WASHINGTON (OSV News) — As Father Thabet Habib Al-Mekko stood in the sanctuary of a church in Karamles, Iraq, he looked around. Pieces of broken stone and ripped cloth littered the floor, the altar was smashed in half, and bullet holes surrounded the tabernacle.

Most prominently, in the middle of the church recently recovered from ISIS, a decapitated statue of the Blessed Virgin Mary stood.

The priest tried to comprehend the scene before looking up. That moment, from 2016, is one of many captured by award-winning photographer Stephen M. Rasche and displayed in a new exhibit at the St. John Paul II National Shrine in Washington.

The exhibit, “Among the Persecuted and Displaced: The Christian Experience in Iraq and Nigeria,” presents nearly 100 black-and-white photos taken by Rasche, a religious freedom expert. The photos feature the faces of persecuted and marginalized Christians in Iraq and Nigeria.

Father Athanasius Barkindo of Nigeria, an expert on religious persecution, speaks at the opening of a photo exhibit on religious persecution at the St. John Paul II National Shrine in Washington Dec. 2, 2025. (OSV News photo/Avi Gerver)

“I hope that you’ll find within all of these faces a spark of human dignity,” said Rasche, a senior fellow at the Religious Freedom Institute in Washington and director of the Institute for Catholic Humanitarian Service at Franciscan University of Steubenville in Ohio, where he is also a professor of theology. “And in that spark of human dignity, that you will see some commonality of the human experience — of the solidarity that we as Catholics, as human beings, believe is so important.”
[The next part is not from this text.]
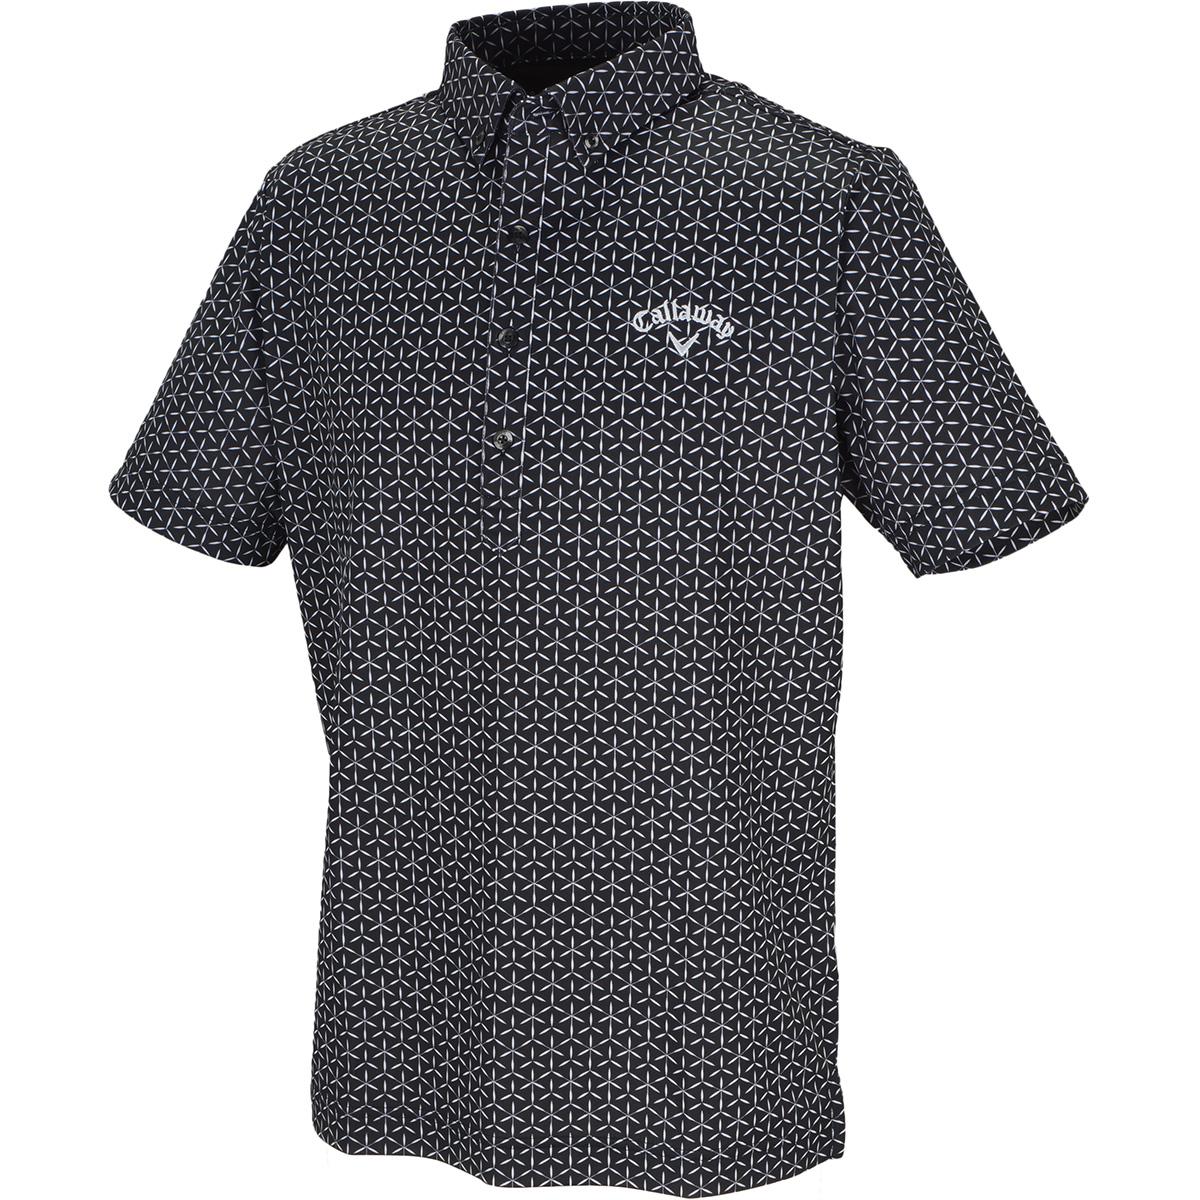 切子プリント クールドライ ボタンダウン半袖ポロシャツ

Rasche made his comments while leading a panel, “Seeing the Persecuted and Displaced: Experts Tell Their Stories,” held Dec. 2 at the shrine. Dozens of people gathered to hear him and other experts in religious persecution speak during the discussion that launched the exhibit. Two experts joined Rasche: Father Athanius Barkindo, executive director of the National Peace Committee in Abuja, Nigeria, and of the Kukah Center in Abuja, and Father Karam Shamasha, provost of the Catholic University in Erbil, Iraq.
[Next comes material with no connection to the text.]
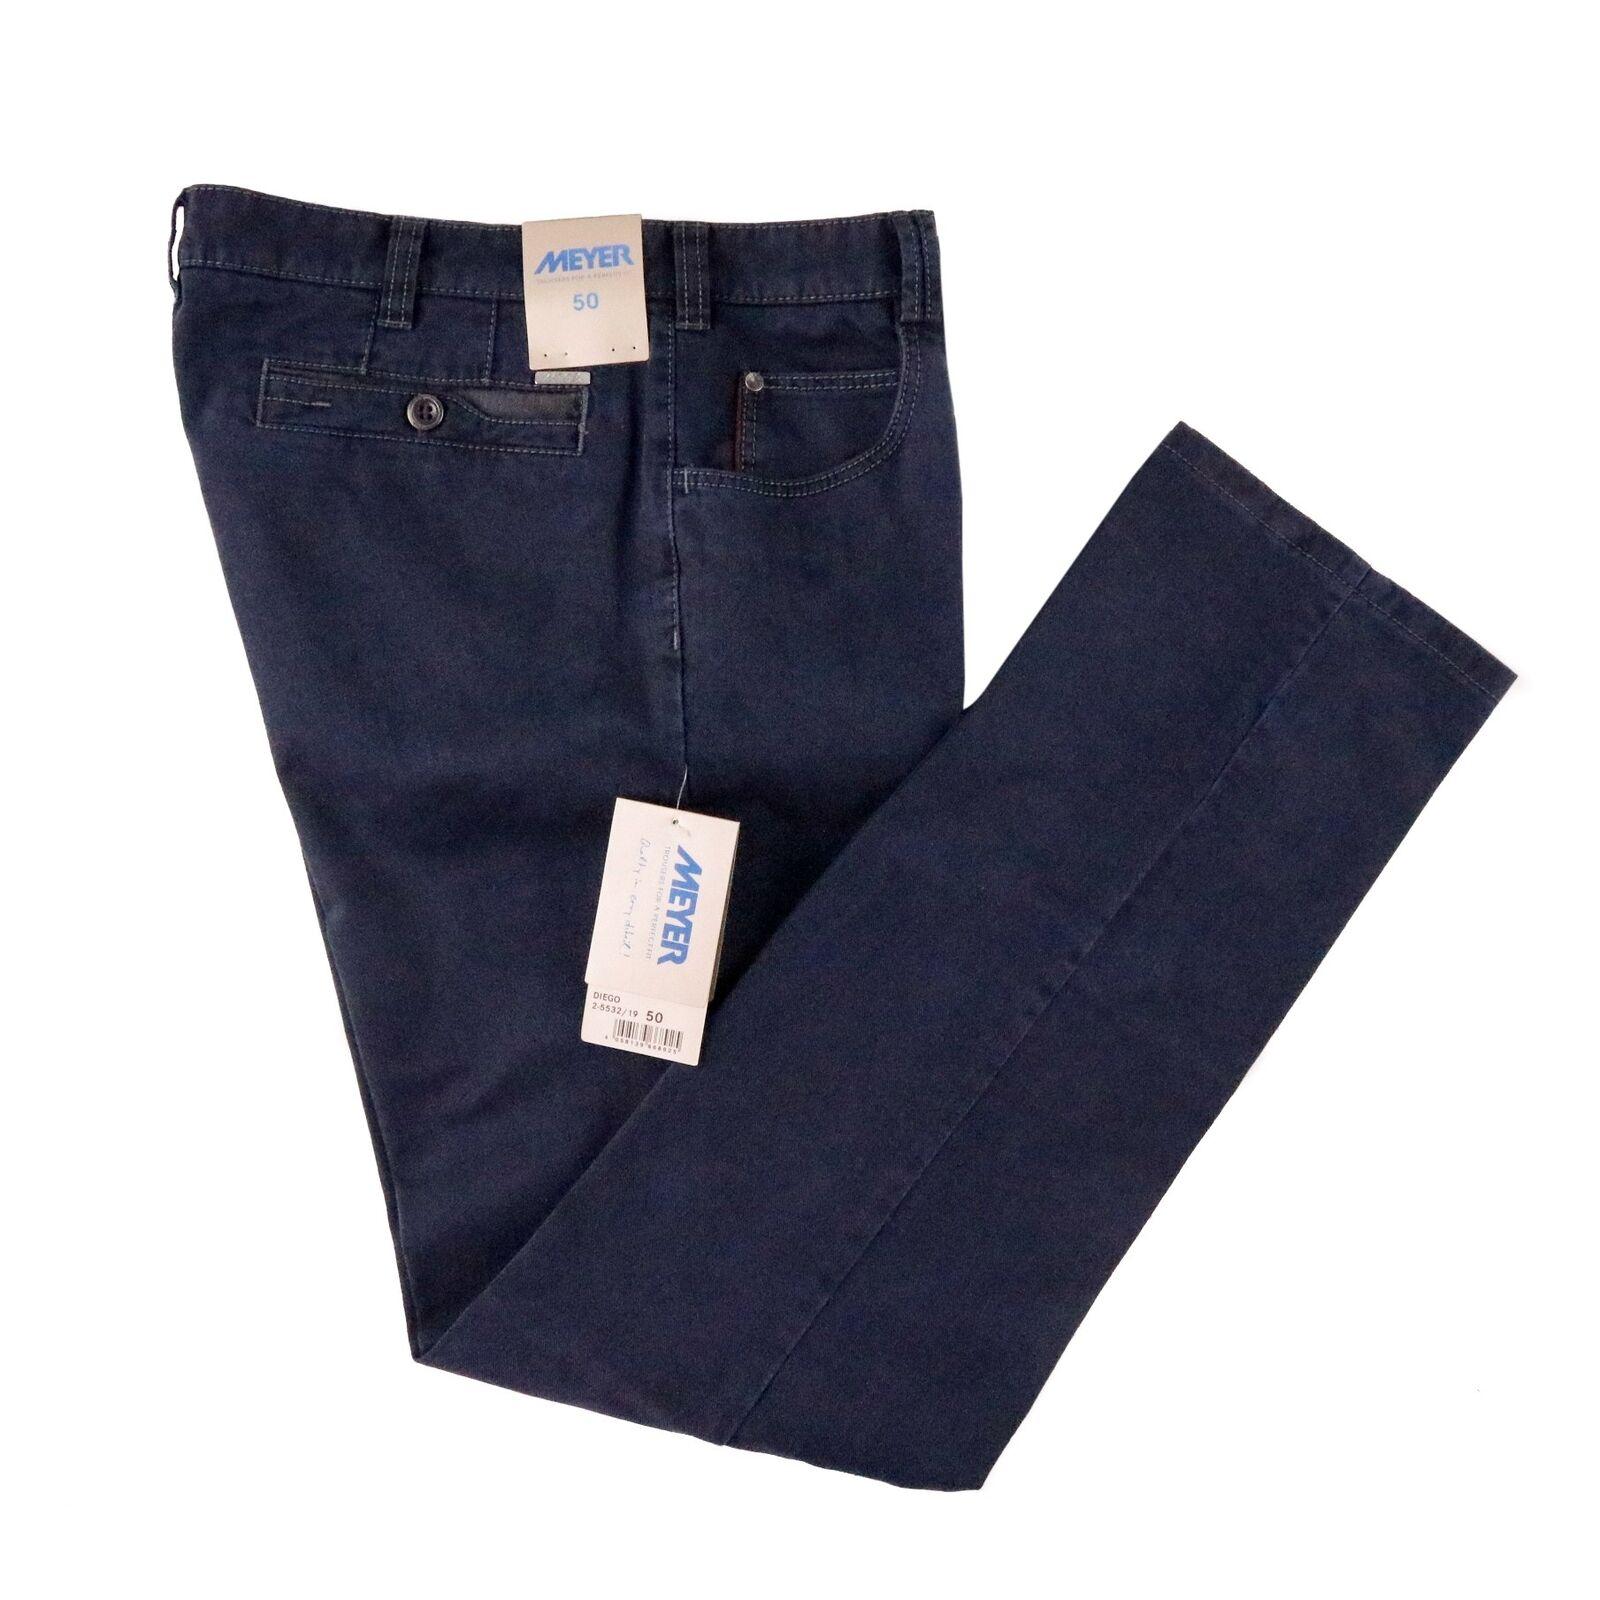 Nwt Meyer Diego Stahlblau Baumwolle Denim 5 Tasche Hose Jeans 50 34

Speaking in a room adjacent to the exhibit, which will remain open until Feb. 8, the panelists invited American Catholics to see the human dignity of Christians suffering in Iraq and Nigeria. They asked Catholics to pray and remember the persecution that their brothers and sisters face worldwide.

While commenting on particular photos, Father Shamasha and Father Barkindo shared stories from Iraq and Nigeria. Both countries appear on Open Doors’ World Watch List 2025, which ranks the 50 countries where Christians suffer from the most severe persecution. The global network that supports persecuted Christians places Nigeria in seventh place and Iraq in 17th.

Drawing from their own experience, the priests described the persecution and discrimination that Christians face in their respective countries. Father Shamasha described how, before he helped establish the Catholic University in Erbil, violence forced his seminary to close multiple times in the early 2000s and how he was displaced in 2014 when ISIS invaded Nineveh.

“We were more than 120,000 Christians,” Father Shamasha remembered. “We were forced to leave our towns, our church, everything that we have.”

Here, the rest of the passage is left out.